■ To do: Copy out exactly the lines spanning the line with "This Is Dan Bornemark" to the line with "Tumble 'n Dry", inclusive, from the data underneath, with no pictures.

■ Exercise data:

============================================================

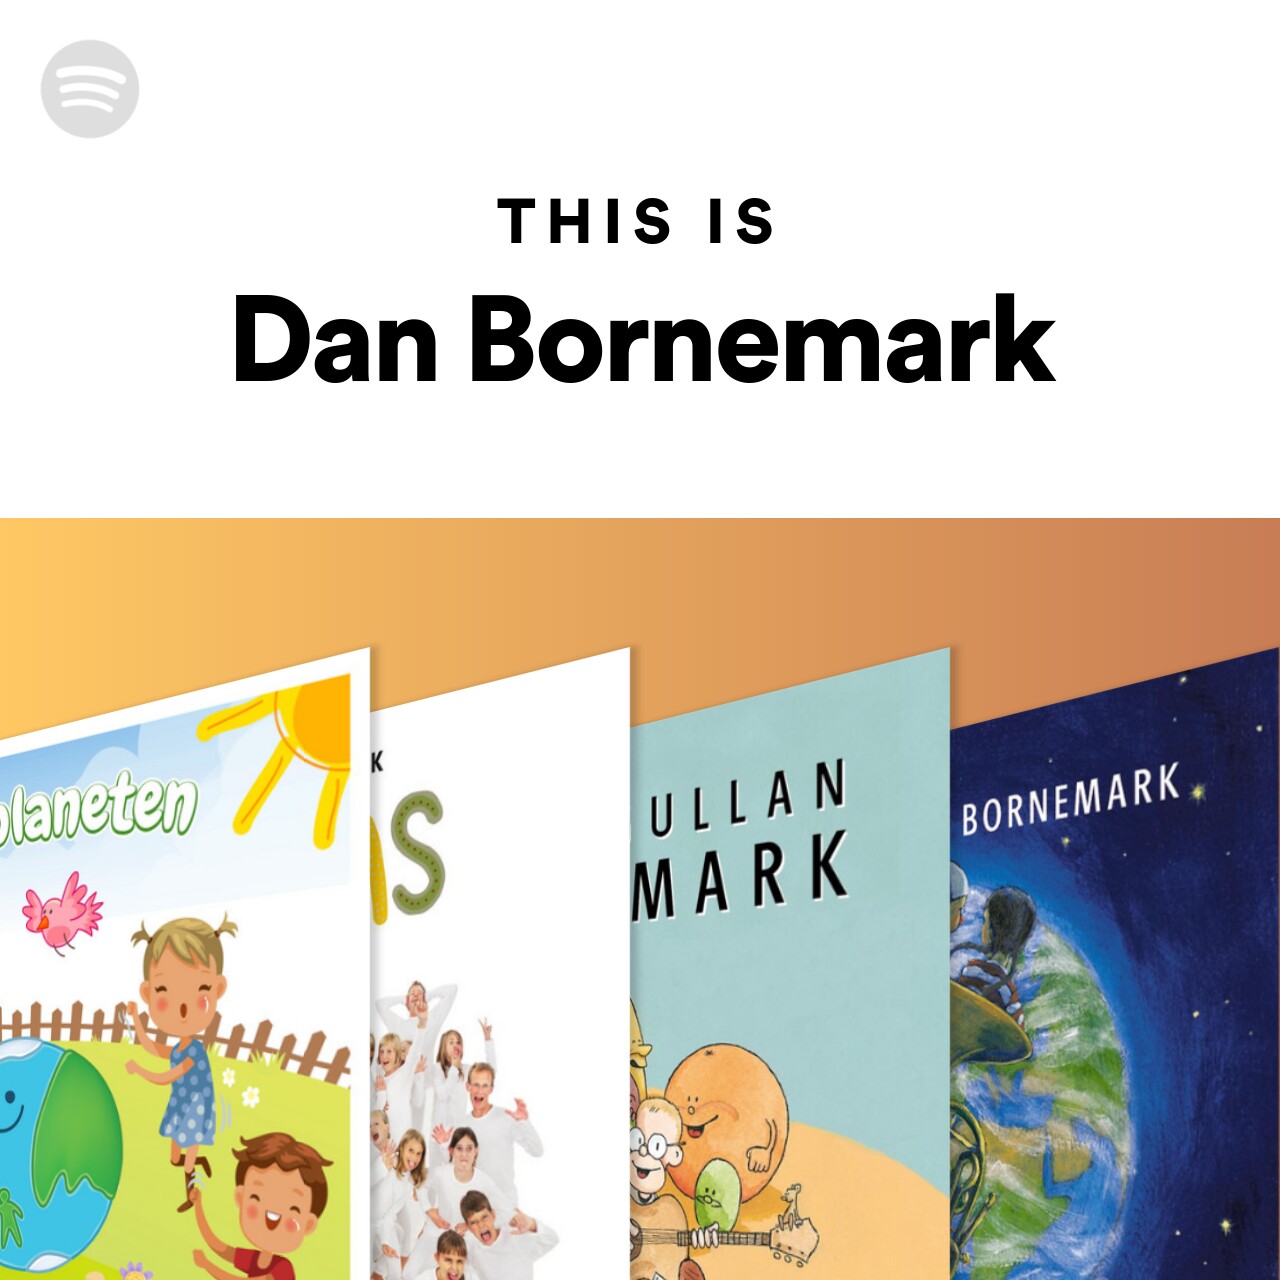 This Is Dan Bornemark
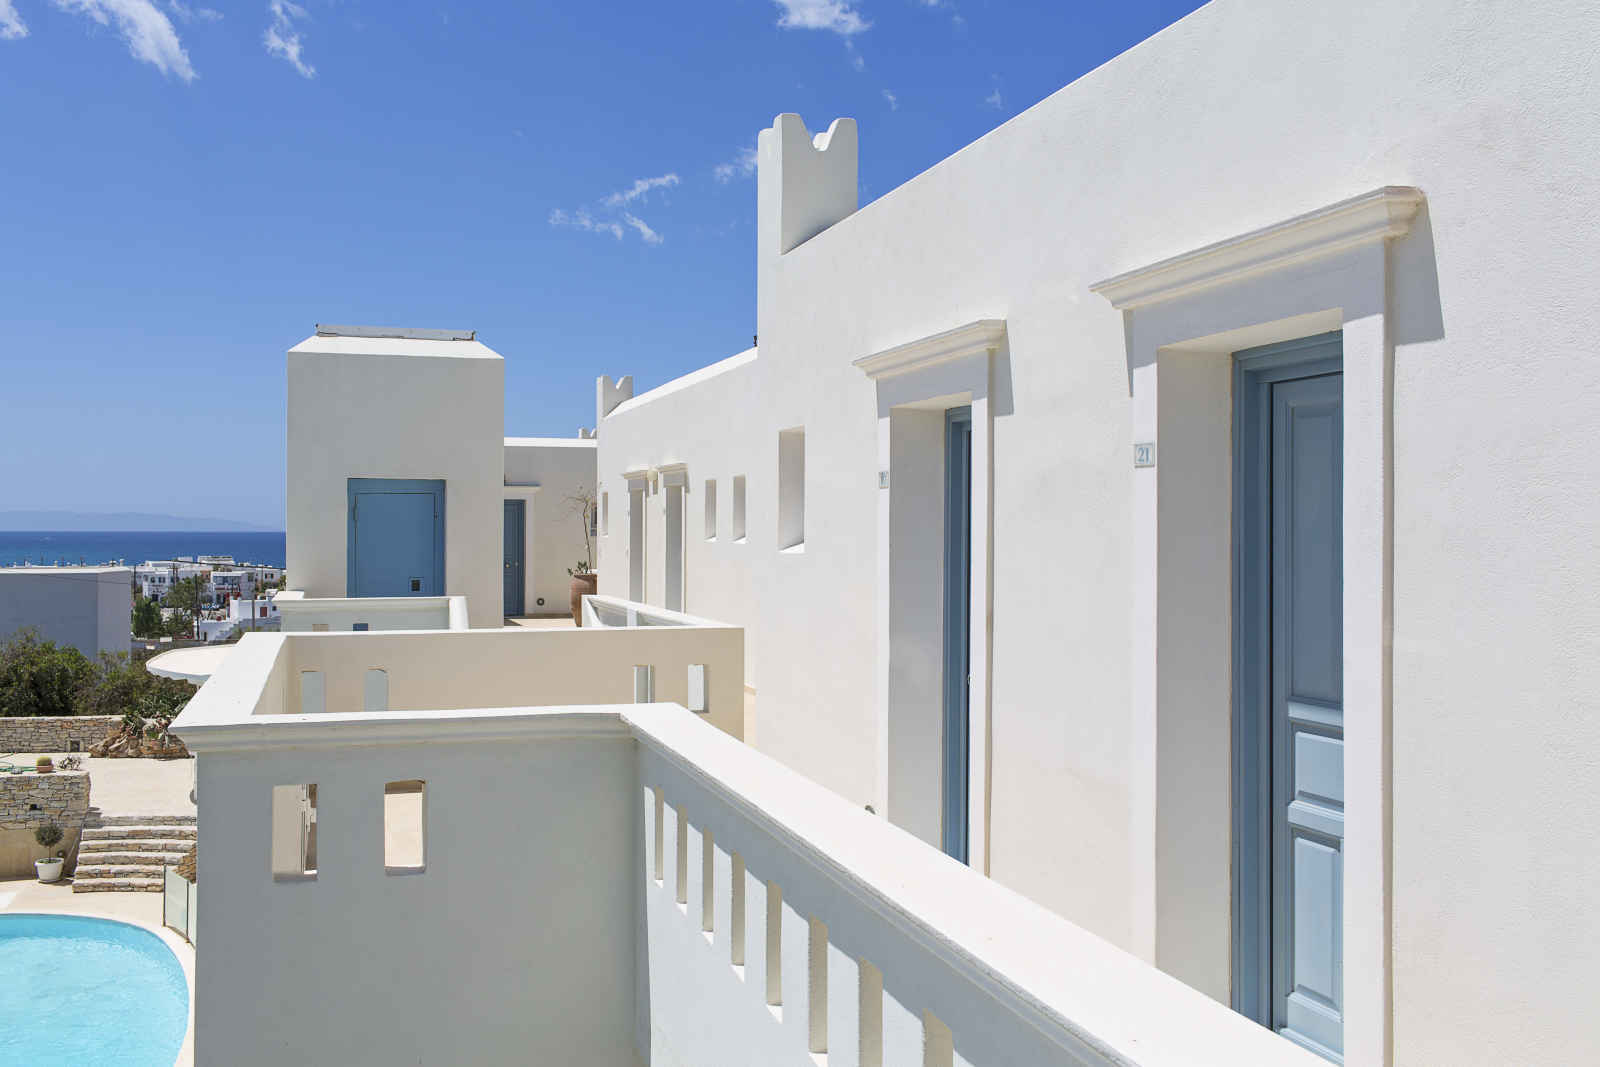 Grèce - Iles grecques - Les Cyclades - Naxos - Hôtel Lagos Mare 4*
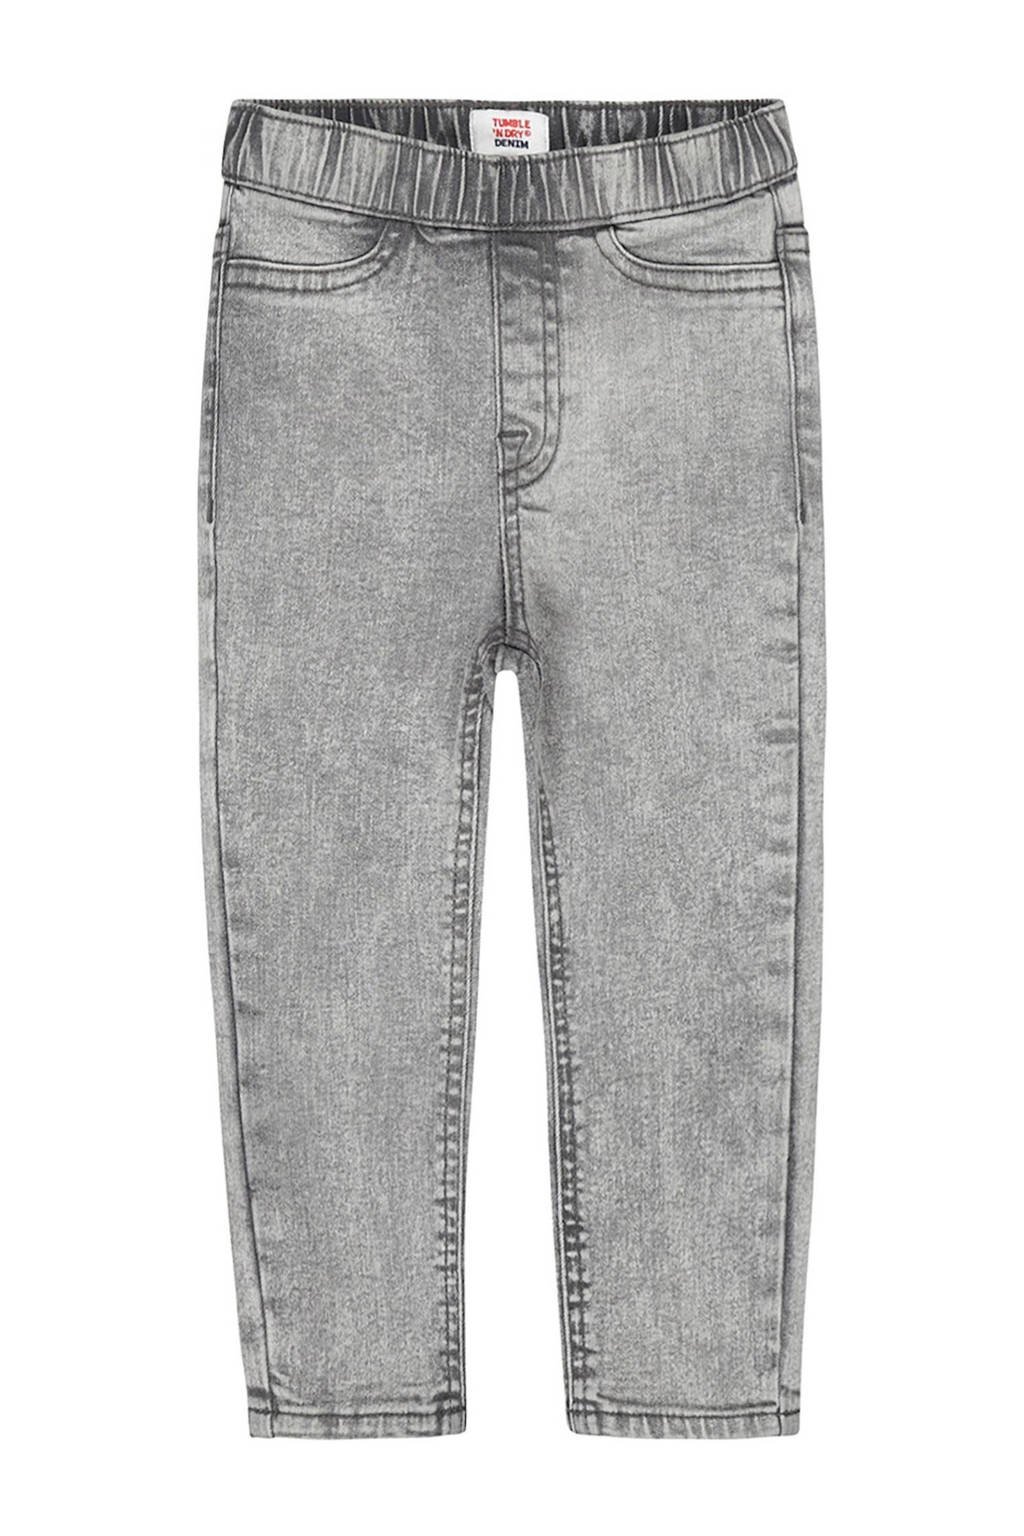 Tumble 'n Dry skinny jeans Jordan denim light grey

============================================================

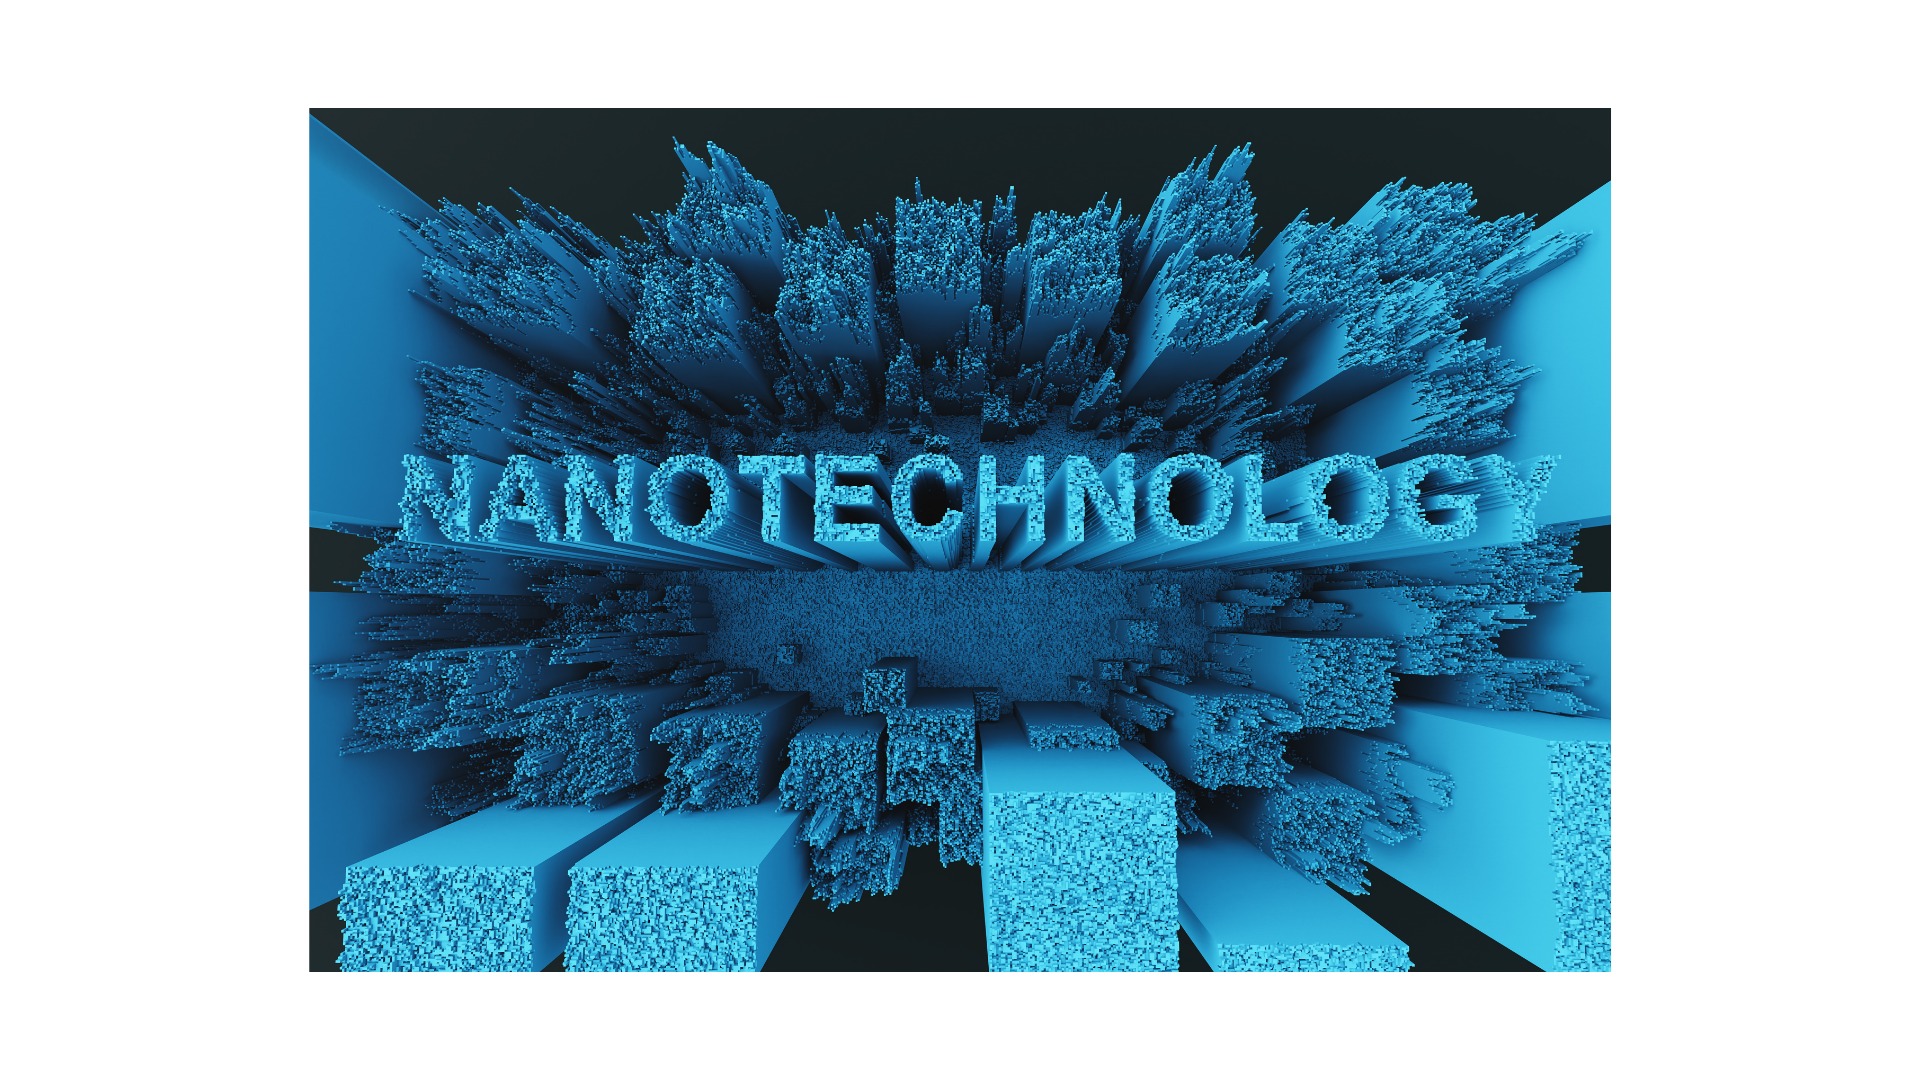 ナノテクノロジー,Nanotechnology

============================================================

■ Response:
 This Is Dan Bornemark
 Grèce - Iles grecques - Les Cyclades - Naxos - Hôtel Lagos Mare 4*
 Tumble 'n Dry skinny jeans Jordan denim light grey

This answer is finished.